What is interesting here: HLL-Sets can be combined or intersected. E.g.:
db_query = f"""
SELECT hll_cardinality(hll_union_agg(s.a))::int
FROM (
VALUES ('{hll_sample_records[1].user_hll}'::hll),
('{hll_sample_records[2].user_hll}'::hll)
) s(a)
"""
df = db_conn.query(db_query)
df.head()
Obviously, the users who frequented the two coordinates were different.
The postgres implementation of citus has several modes, for reasons of performance:
A hll is a combination of different set/distinct-value-counting algorithms that can be thought of as a hierarchy, along with rules for moving up that hierarchy. In order to distinguish between said algorithms, we have given them names:
EMPTY A constant value that denotes the empty set.
EXPLICIT An explicit, unique, sorted list of integers in the set, which is maintained up to a fixed cardinality.
SPARSE A 'lazy', map-based implementation of HyperLogLog, a probabilistic set data structure. Only stores the indices and values of non-zero registers in a map, until the number of non-zero registers exceeds a fixed cardinality.
FULL A fully-materialized, list-based implementation of HyperLogLog. Explicitly stores the value of every register in a list ordered by register index.
If used in a privacy-aware context, explicit mode does not provide any improvement, since unique ids are store fully, which can be reversed.
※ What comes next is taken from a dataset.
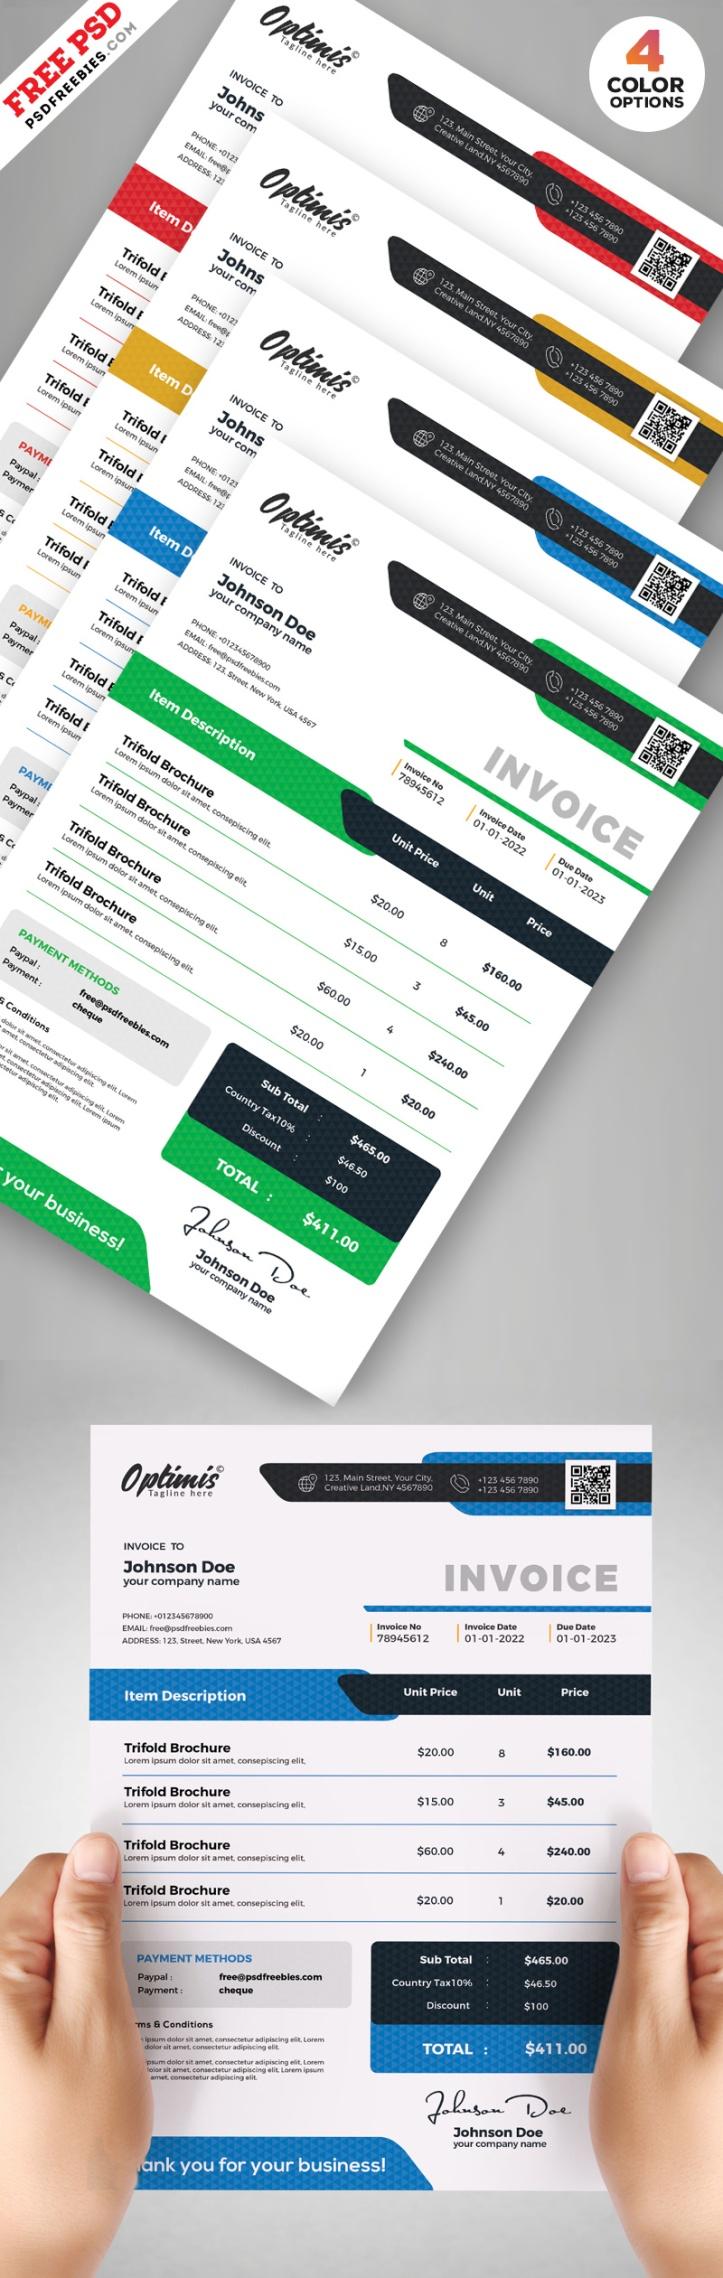 Plantilla de factura diseño comercial PSD descarga gratis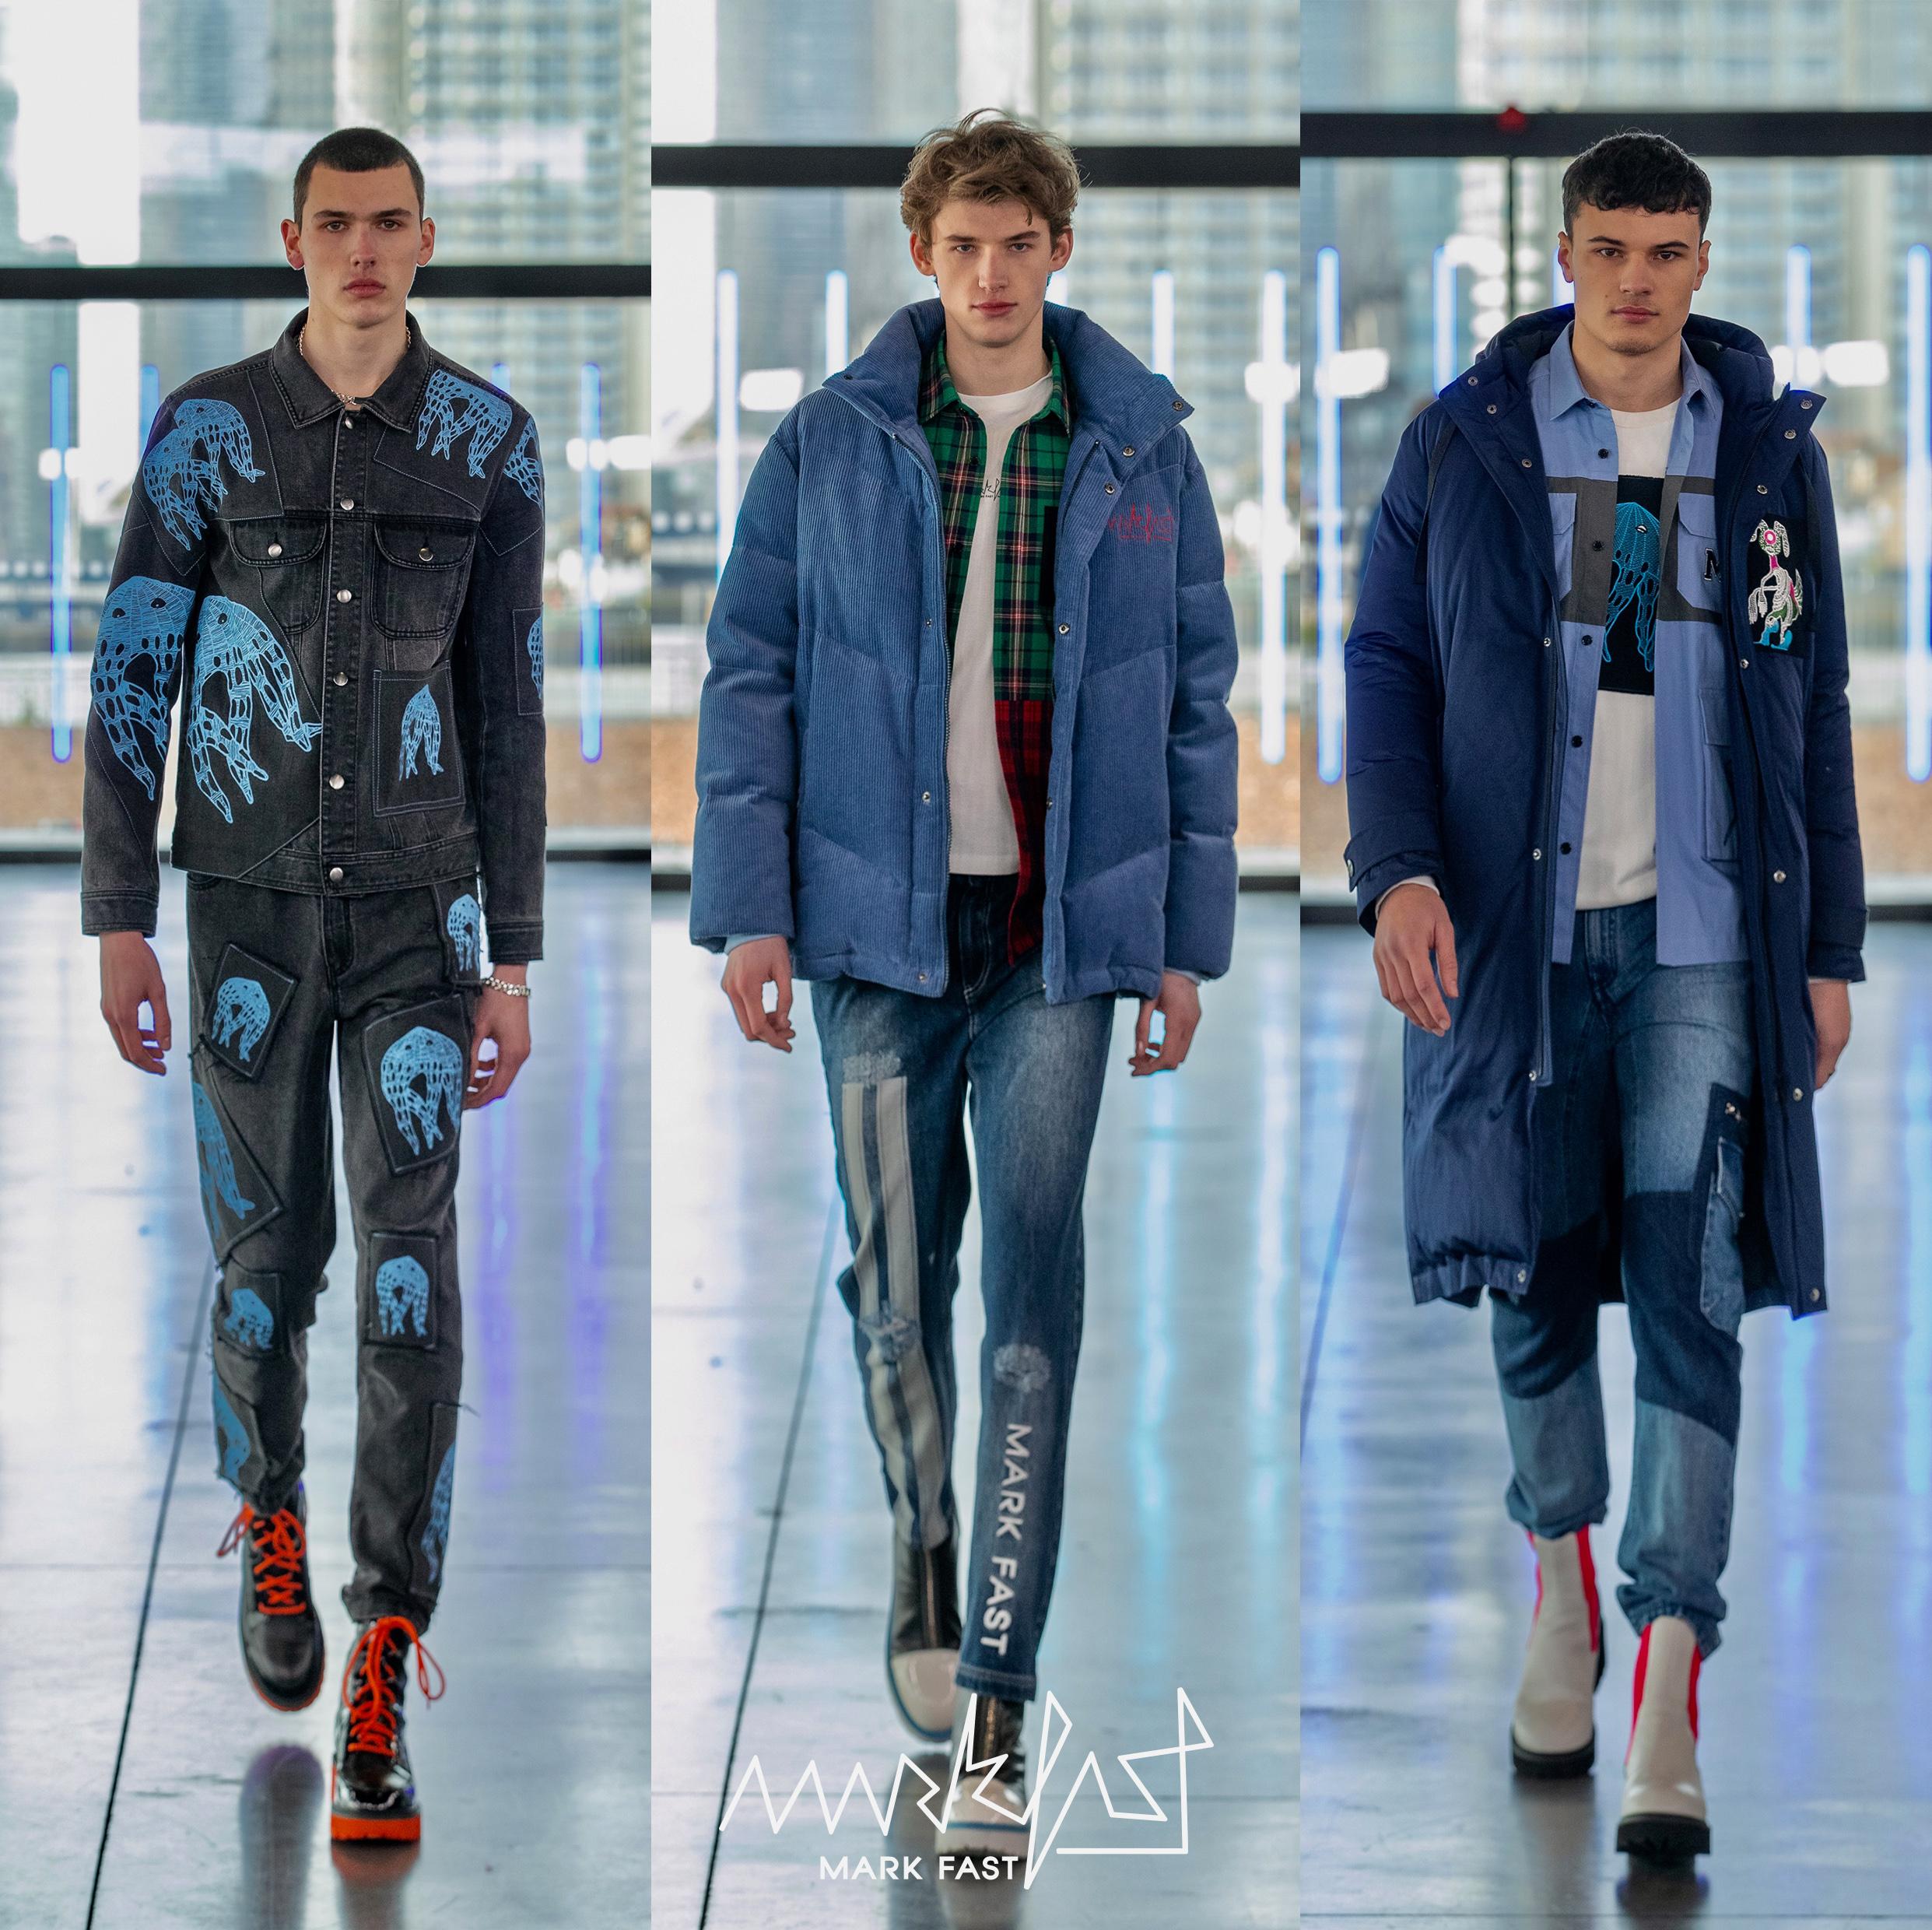 玩味色彩新篇章 MARK FAST 2021 秋冬系列伦敦时装周亮相

Sparse mode, according to Desfontaines, Lochbihler, & Basin (2018), may be more vulnerable to reverse engeneering attacks since it provides more accurate information on each mapped unique id.
It is possible to tune the hll mode with SELECT hll_set_defaults(log2m, regwidth, expthresh, sparseon);
The default values are:
DEFAULT_LOG2M 11
DEFAULT_REGWIDTH 5
DEFAULT_EXPTHRESH -1
- explicit mode onDEFAULT_SPARSEON 1
- auto sparse modeDisable the explicit mode with the following command for the current connection (Note: the output will return the settings before the change):
df = db_conn.query("SELECT hll_set_defaults(11,5, 0, 1);")
df.head()
It is also possible to define the exact number of ids in a hll set, when the promotion to a full hll set occurs. By default (-1
), this is automatically determined based on storage efficiency. Our observation was that promotion to full mode typically occurs between 150 to 250 unique IDs in a hll set.
Set it manually with SELECT hll_set_max_sparse(int);
, e.g. to 25 Unqiue IDs:
df = db_conn.query("SELECT hll_set_max_sparse(25);")
df.head()
However, note that these settings won't affect any calculations in this notebook, since we're loading already created hll sets from CSV. It is possible to detect with which mode a hll set was created. Below, the first hll set (for the null island), was created using FULL, the other two containing only one entry were created using SPARSE because the explicit mode was disabled.
This time, we'll construct the query using Python's list comprehension, which significantly reduces the length of our code:
pd.set_option('display.max_colwidth', 150)
db_query = f"""
SELECT hll_print(s.a)
FROM (
VALUES {",".join([f"('{record.user_hll}'::hll)" for record in hll_sample_records])}
) s(a)
"""
df = db_conn.query(db_query)
df["lat"] = [record.lat for record in hll_sample_records]
df["lng"] = [record.lng for record in hll_sample_records]
df.set_index(['lat', 'lng']).head()
To anticipate some questions or assumptions:
If I consider the HLL string as a unique ID, it is no different than any encrypted string and can be used to re-identify users (e.g. rainbow tables!)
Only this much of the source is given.